Yes. It looks like things are not working the way they are suppose to be working... We'll look into it.

The problem might be that at the bottom of your file there are genes with no measured values. Please try removing them. Also, it looks like there are not many differentially expressed genes between the groups. I was able to upload your data to our tool BioJupies: https://maayanlab.cloud/biojupies/notebook/otmIpU7wa

Here is the fixed file:
Hippo_cnts.csv

@astern731 please retry the Appyters site with your data. It was fixed by @u8sand. The system ran out of memory and needed to be upgraded.

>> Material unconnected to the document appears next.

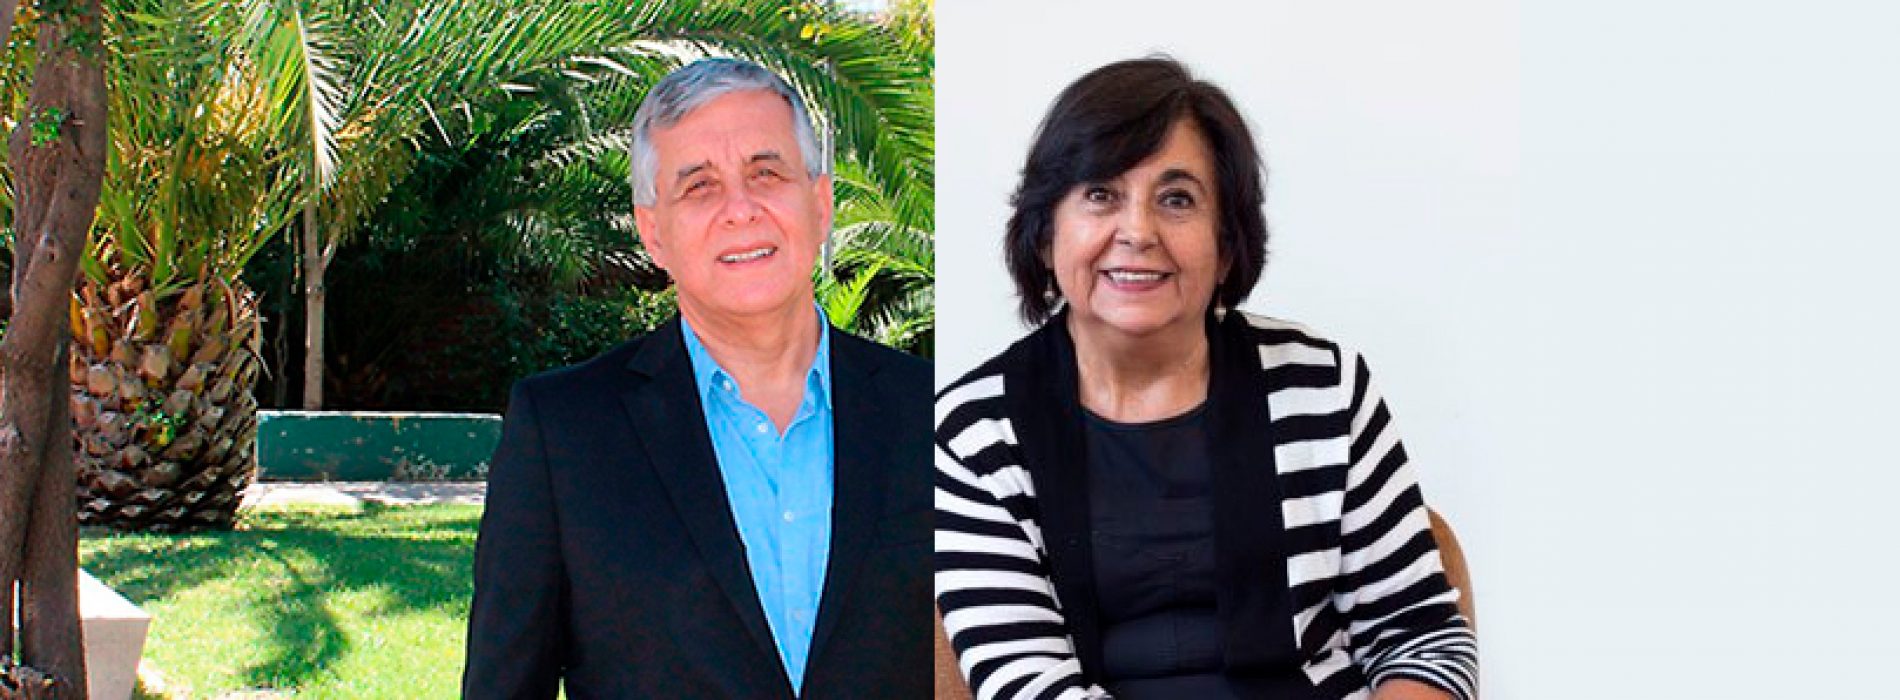 Nuestros socios Cecilia Hidalgo y Sergio Lavandero (Ex presidente) son elegidos de forma unánime como Presidenta y Vice-Presidente de la Academia Chilena de Ciencias del Instituto de Chile

Hi @AviMaayan , @u8sand thanks for the assistance. Using the provided fixed csv file above, I was able to run the analysis through limma (
https://appyters.maayanlab.cloud/Bulk_RNA_seq/98502905c189f205720656d251f8ac1d4fe04363/) however the same data set causes the following error when using DESEQ2
RRuntimeError: Error in DESeqDataSetFromMatrix(countData = rawcount_dataframe, colData = colData, :
ncol(countData) == nrow(colData) is not TRUE

https://appyters.maayanlab.cloud/Bulk_RNA_seq/67dcd82e4c6df239f07a8aa7792509c1c87924ca/

I'm not sure if the issue is due to how row names are treated in the Appyter.
When using Rstudio I was able to generate a DESEQ2 object by importing the counts in Rstudio as counts <- data.frame(counts, row.names=geneid).

u8sand commented

I've confirmed this issue, thanks for letting us know. It would only happen when there are more than two groups. It affects edgeR and deseq2. I have a fix which will be published soon.